As is apparent from the above description, the spindle motor according to the present invention has a fixed sleeve having a flange portion and a cylindrical portion, and is rotatably supported by being inserted into the cylindrical portion of the fixed sleeve and having a spherical end at the tip. A rotating shaft, a hub integrated with the rotating shaft and covering the cylindrical portion of the fixed sleeve, and a rotary shaft driving portion provided between the hub and the cylindrical portion of the fixed sleeve. First and second permanent magnets attached to both ends of the rotating shaft, and attached to the cylindrical portion of the fixed sleeve so as to face the first and second permanent magnets at a radial distance from each other. The rotation shaft is rotatably supported by the third and fourth permanent magnets in a non-contact manner with the cylindrical portion of the fixed sleeve, and the first and third permanent magnets and the second and fourth permanent magnets are supported. Permanent magnets with the same polarity And the first and second permanent magnets are displaced toward the spherical portion of the rotating shaft by a predetermined distance from the opposing third and fourth permanent magnets. Forming a step at the end of the portion, facing the end of the hub to the step, and forming a dynamic pressure groove on at least one of the step side surface of the flange portion and the end side surface of the hub. , The rotation of the rotating shaft is more stabilized, and the rotation accuracy is improved. In addition, it is not necessary to adjust the preload as in a conventional ball bearing.

[Brief description of the drawings]

FIG. 1 is a sectional view of a spindle motor according to an embodiment of the present invention.

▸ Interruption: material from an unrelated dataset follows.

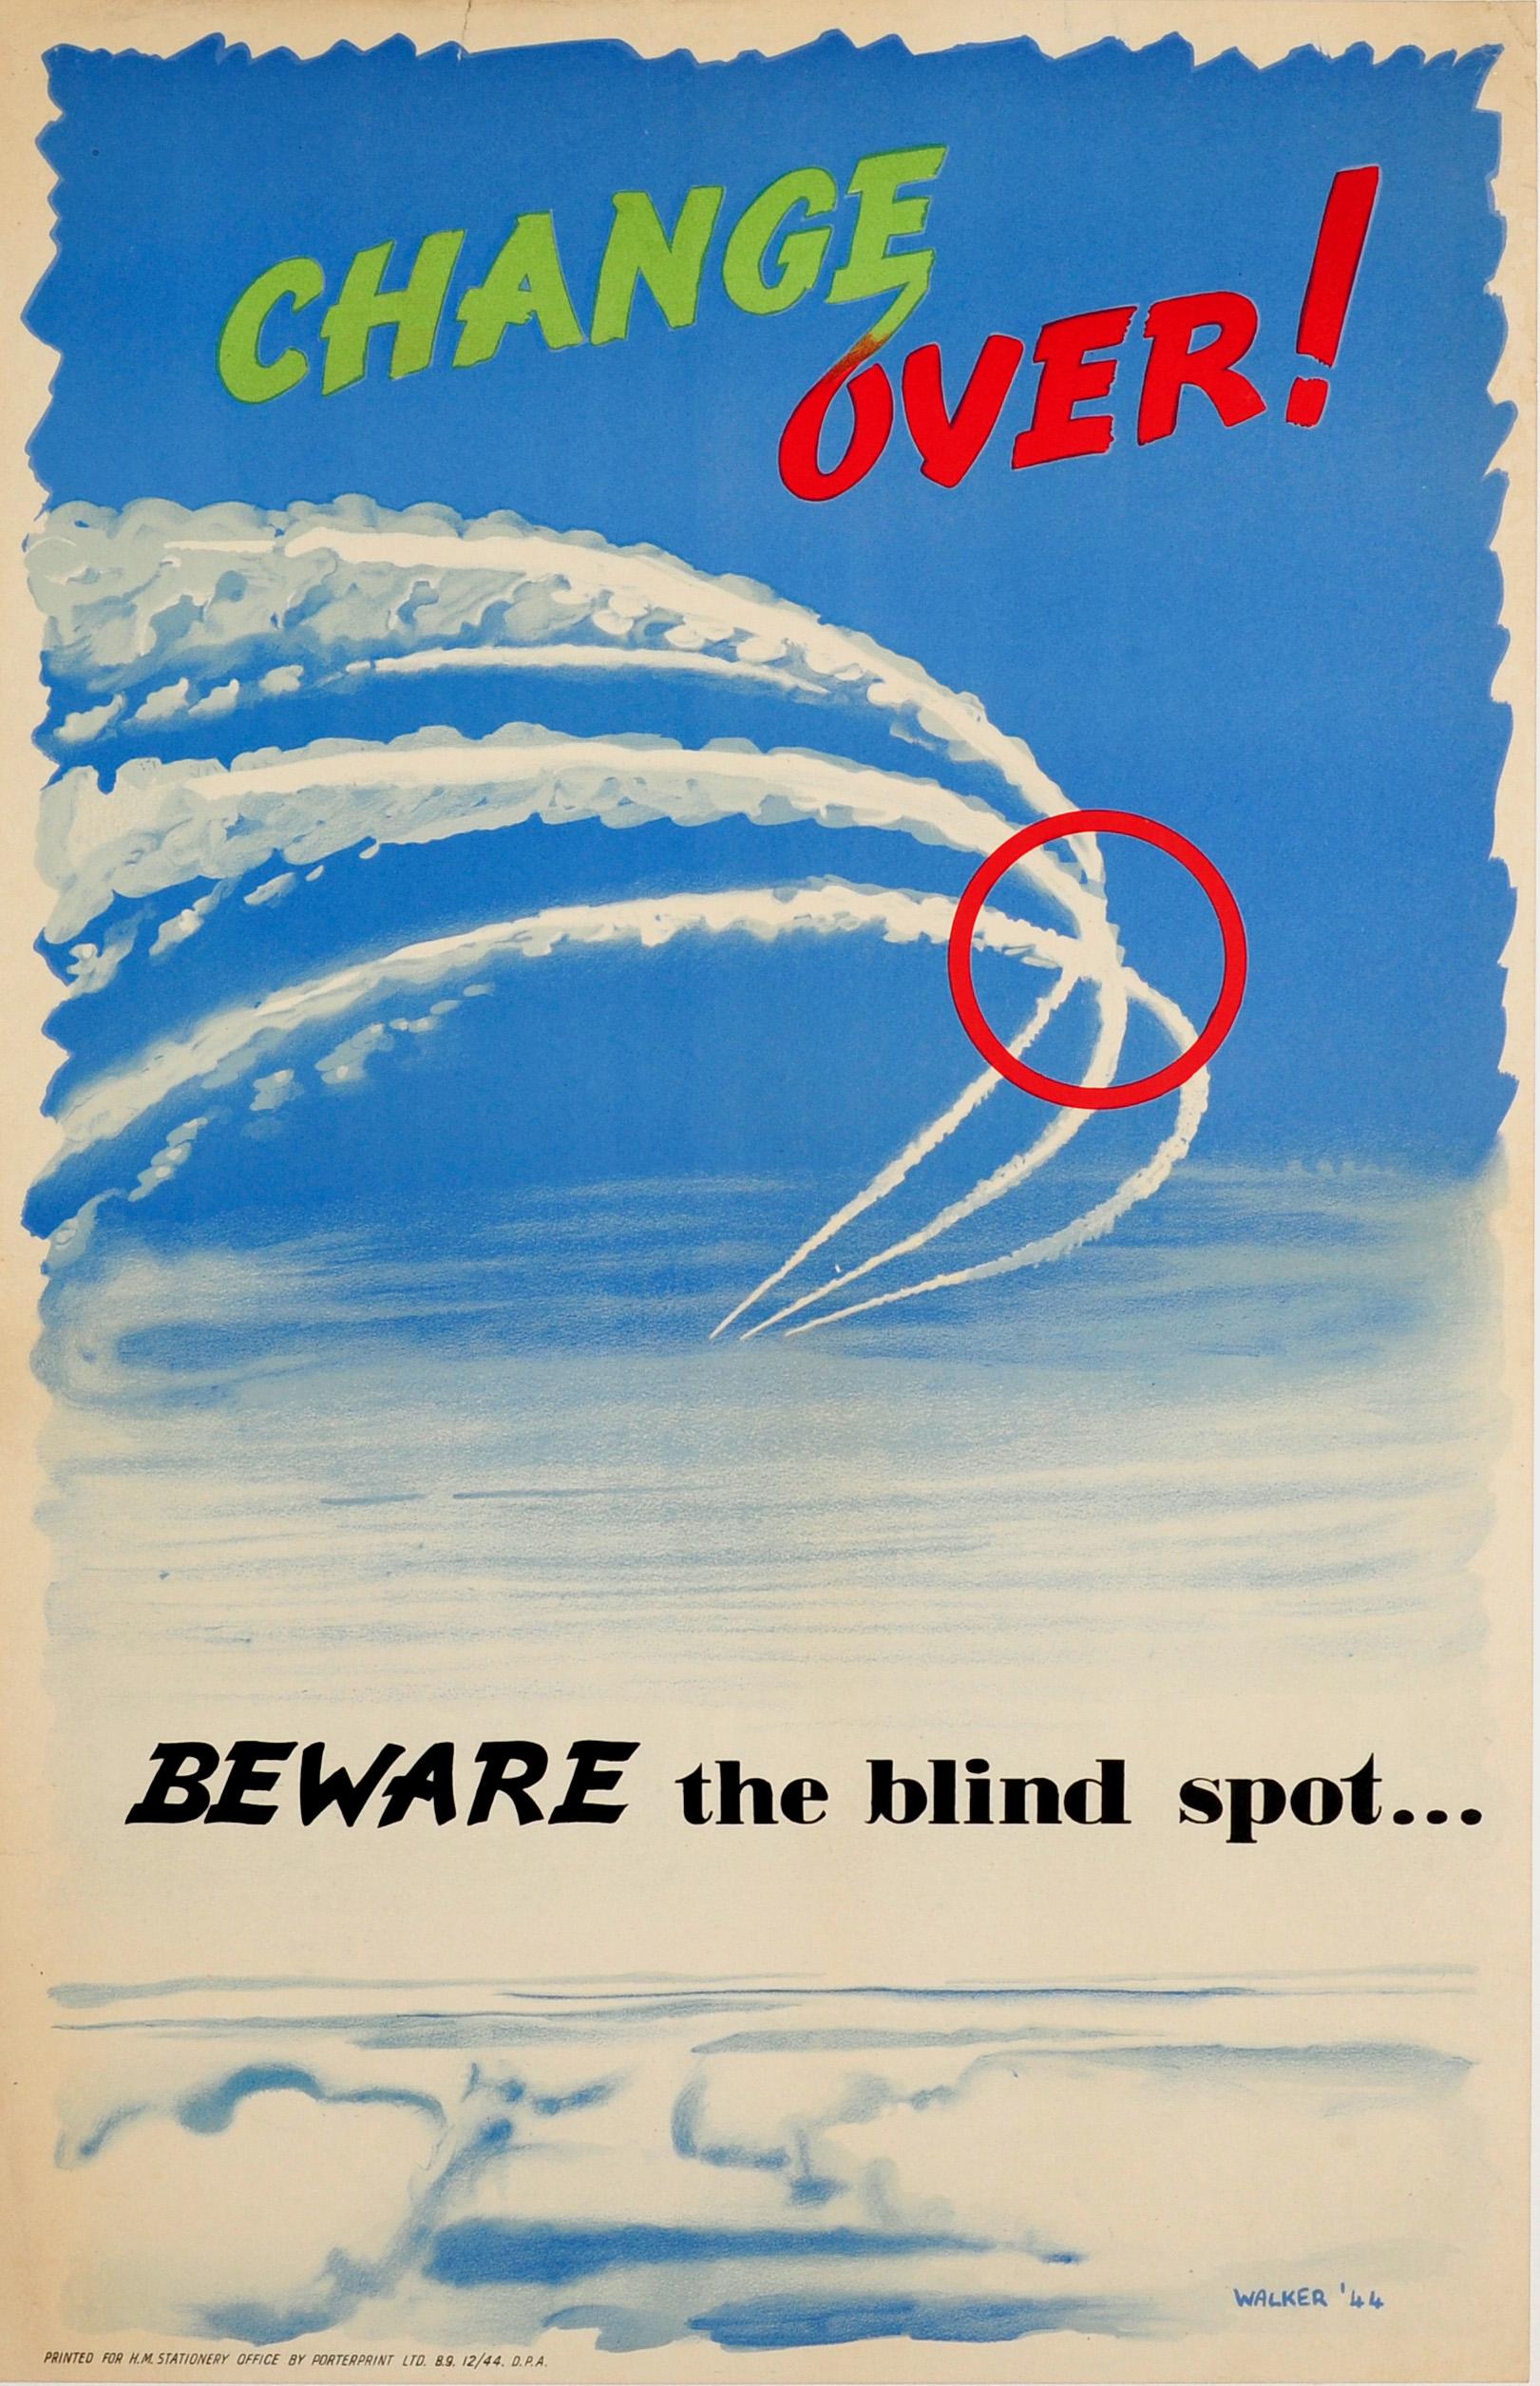 Lot 33 - Propaganda Poster Air Force Pilot Safety Blind Spot UK

FIG. 2 is a sectional view of a conventional spindle motor.

[Explanation of symbols]

 DESCRIPTION OF SYMBOLS 1 Rotation shaft 2 Hub 2a Flange 2b Axial outer surface of flange 2a 3 Fixed sleeve 4 Flange part of fixed sleeve 4a Concave step 11 First permanent magnet 12 Second permanent magnet 13 Third permanent magnet 14 Fourth Permanent magnet 30 Dynamic pressure groove

──────────────────────────────────────────────────続 き Continuation of the front page (56) References Japanese Utility Model 63-142422 (JP, U) (58) Fields investigated (Int. Cl. ⁶ , DB name) F16C 32/00-32/06 F16C 17 / 02

Claims (1)

(57) [Claims] 1. A fixed sleeve having a flange portion and a tubular portion, a rotating shaft inserted into the tubular portion of the fixed sleeve and rotatably supported and having a spherical end portion, and integrated with the rotating shaft. In a spindle motor having a hub that covers the cylindrical portion of the fixed sleeve, and a rotary shaft driving unit provided between the hub and the cylindrical portion of the fixed sleeve, first and second motors mounted on both ends of the rotary shaft. And the third and fourth permanent magnets mounted on the cylindrical portion of the fixed sleeve so as to face the first and second permanent magnets at intervals in the radial direction, respectively. The shaft is rotatably supported on the cylindrical portion of the fixed sleeve in a non-contact manner.
And the third and fourth permanent magnets, and the second and fourth permanent magnets are respectively opposed to each other with the same polarity, and the first and second permanent magnets are respectively opposed to the third and fourth permanent magnets opposed to each other. The fixed shaft is attached by being shifted to the spherical portion side of the rotating shaft by a predetermined distance, a step is formed at an end of a flange portion of the fixed sleeve, and an end of the hub is made to face the step portion, and the flange portion is formed. A hydrodynamic bearing formed by forming a hydrodynamic groove in at least one of the step side surface and the end side surface of the hub.